Ayer hice lo elemental: hablarles. Les pedí compasión, sin entrar a preguntarles si pueden tenerla o les está prohibido ejercerla. Nada me respondieron, quizás por no comprometerse; se habían acercado a mí y me circundaban, como antes, cuando yo intentaba cubrirme. Esto, para mi espíritu necesitado de esperanzas, fue suficiente. Emprendí la parte consecuente de mi plan. Puesto que las polillas comen las superficies manchadas y excavan devorando, les dije que en mi vida había una mancha, localizada en el pecho. De tal manera, calculé, si lograba conmover su sentimiento, podrían darme la necesaria muerte sin asumir mayores responsabilidades ante su mandante.
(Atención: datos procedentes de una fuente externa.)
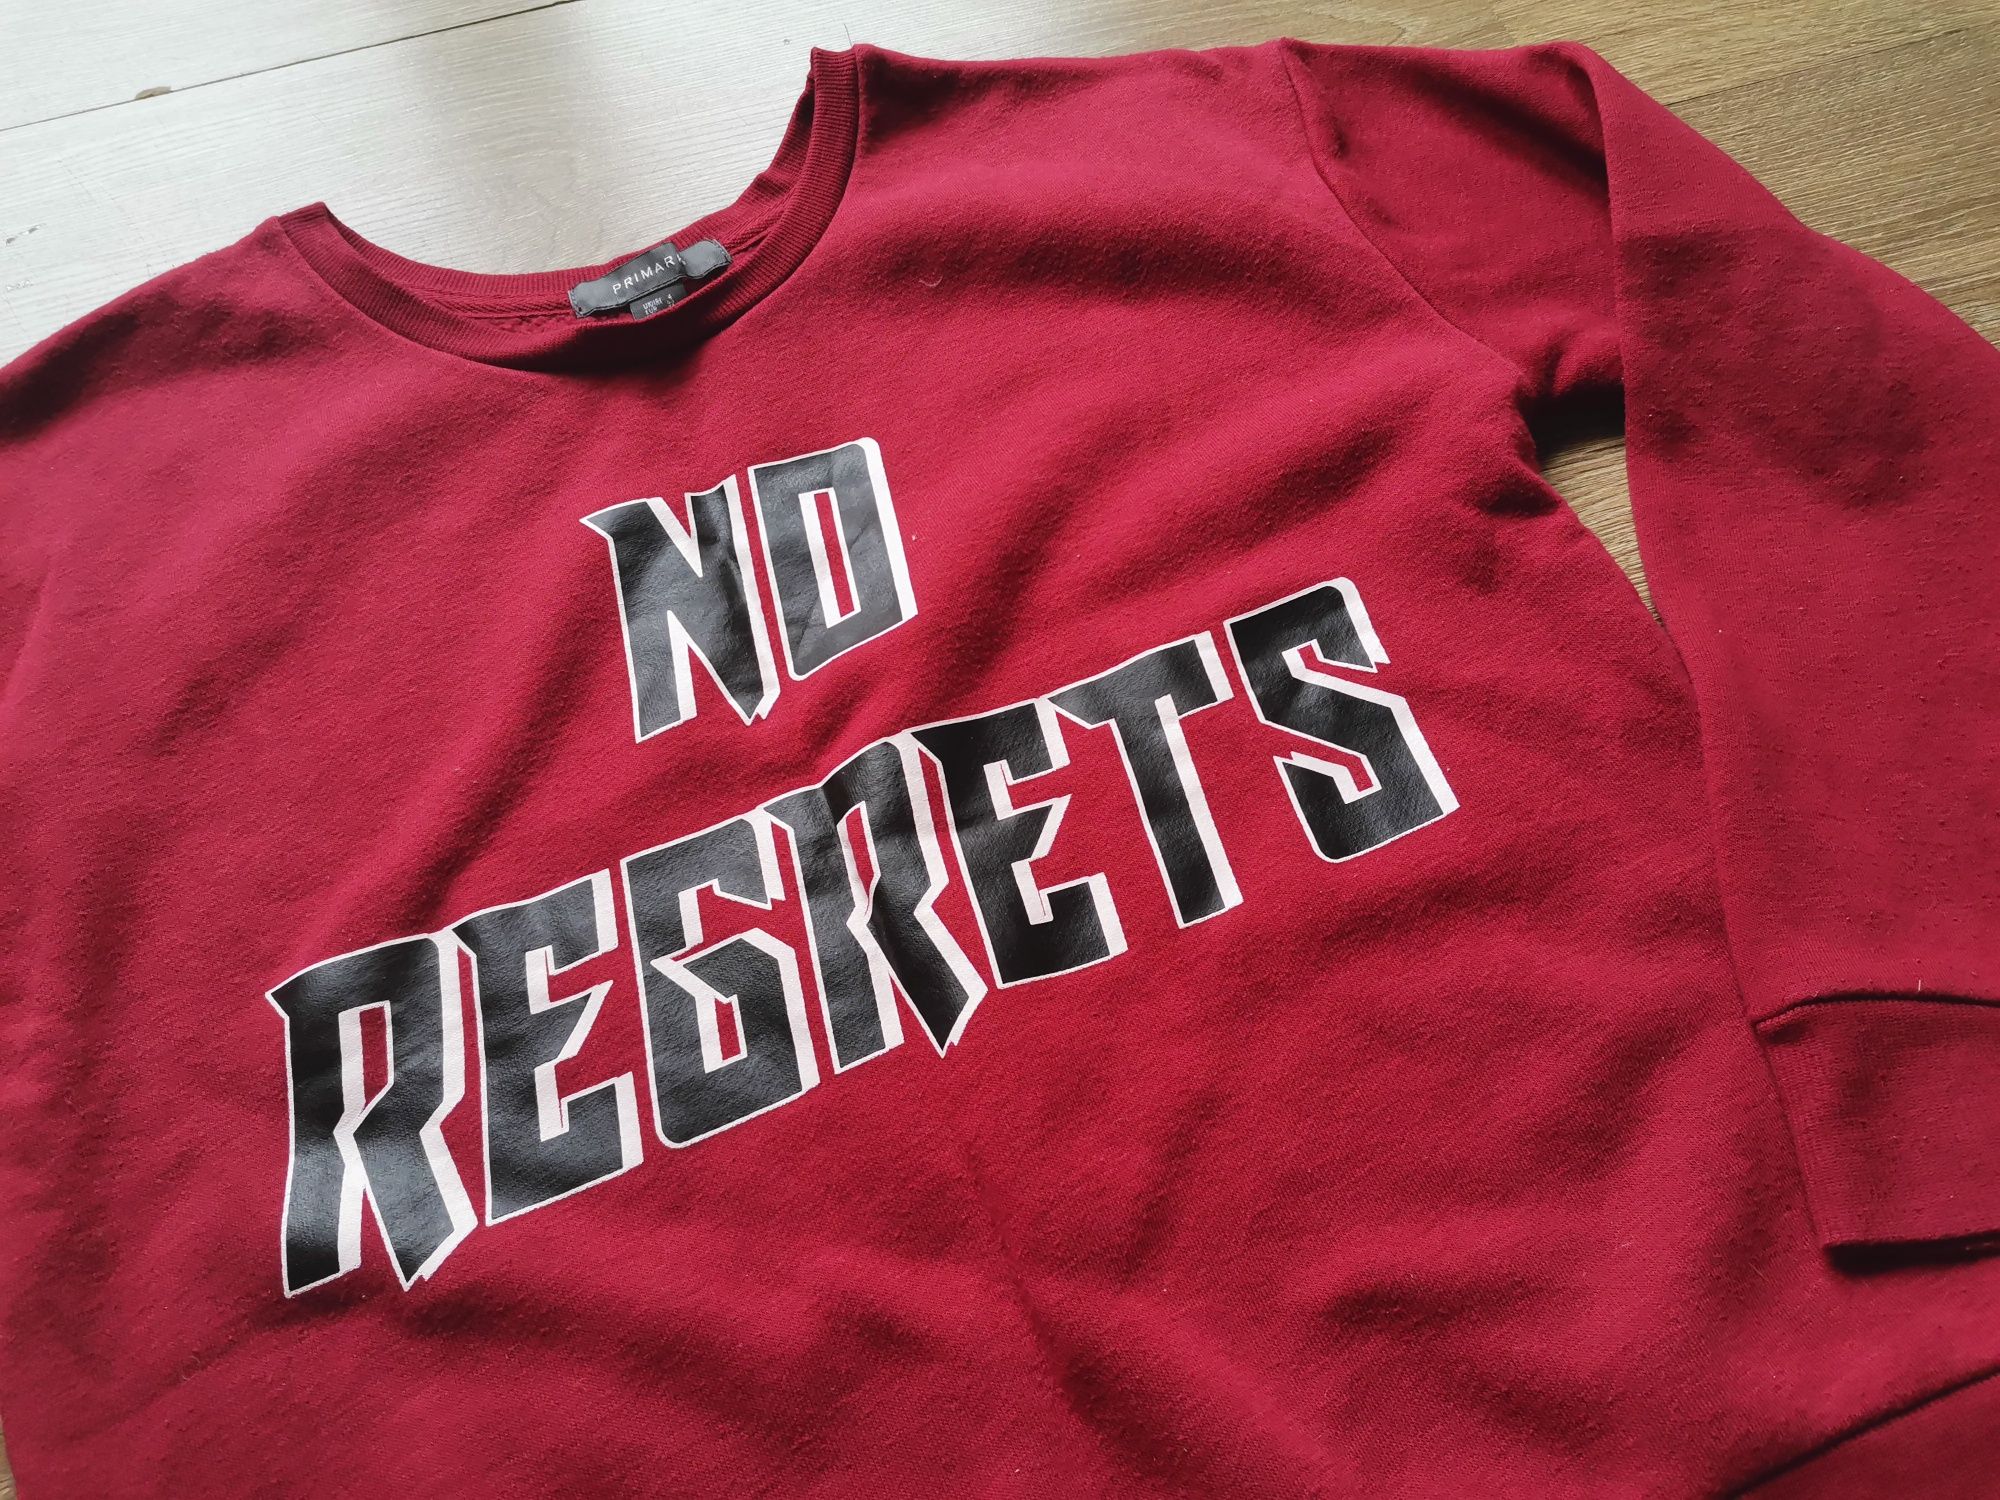 Czerwona bluza z napisem "no regrets"

Ahora están comiendo mi corazón, ahí han llegado las penetrantes, y yo siento, cada vez más, un grande alivio, como si fuera entrando en el sueño, pasito a pasito...
El resto de corazón que me queda palpita de gratitud por ese acto de amor y cuando- todavía- pienso en el amor, se me ocurre, ignorando el porqué, que toda mi culpa debe de haber sido ocultarle mi cuerpo. Aparte de esto, que se me diga, por piedad, se me diga, ¿ qué puede haber cometido de aborrecible un muchacho de veinte años?
*Cuentos extractados de Mundo animal (Buenos Aires: Adriana Hidalgo, 2007).
**Antonio Di Benedetto (Mendoza 1922-Buenos Aires, 1986). Periodista, cuentista y novelista. Publicó, entre otros libros: Mundo animal (1953), El pentágono (1955; reedit. 1974 con el título Anabella), Zama (1956), Grot (1957; reedit. 1969 con el título Cuentos claros), Declinación y ángel (1958), El cariño de los tontos (1961), El silenciero (1964), Los suicidas (1969), Absurdos (1978) y Sombras nada más (1984).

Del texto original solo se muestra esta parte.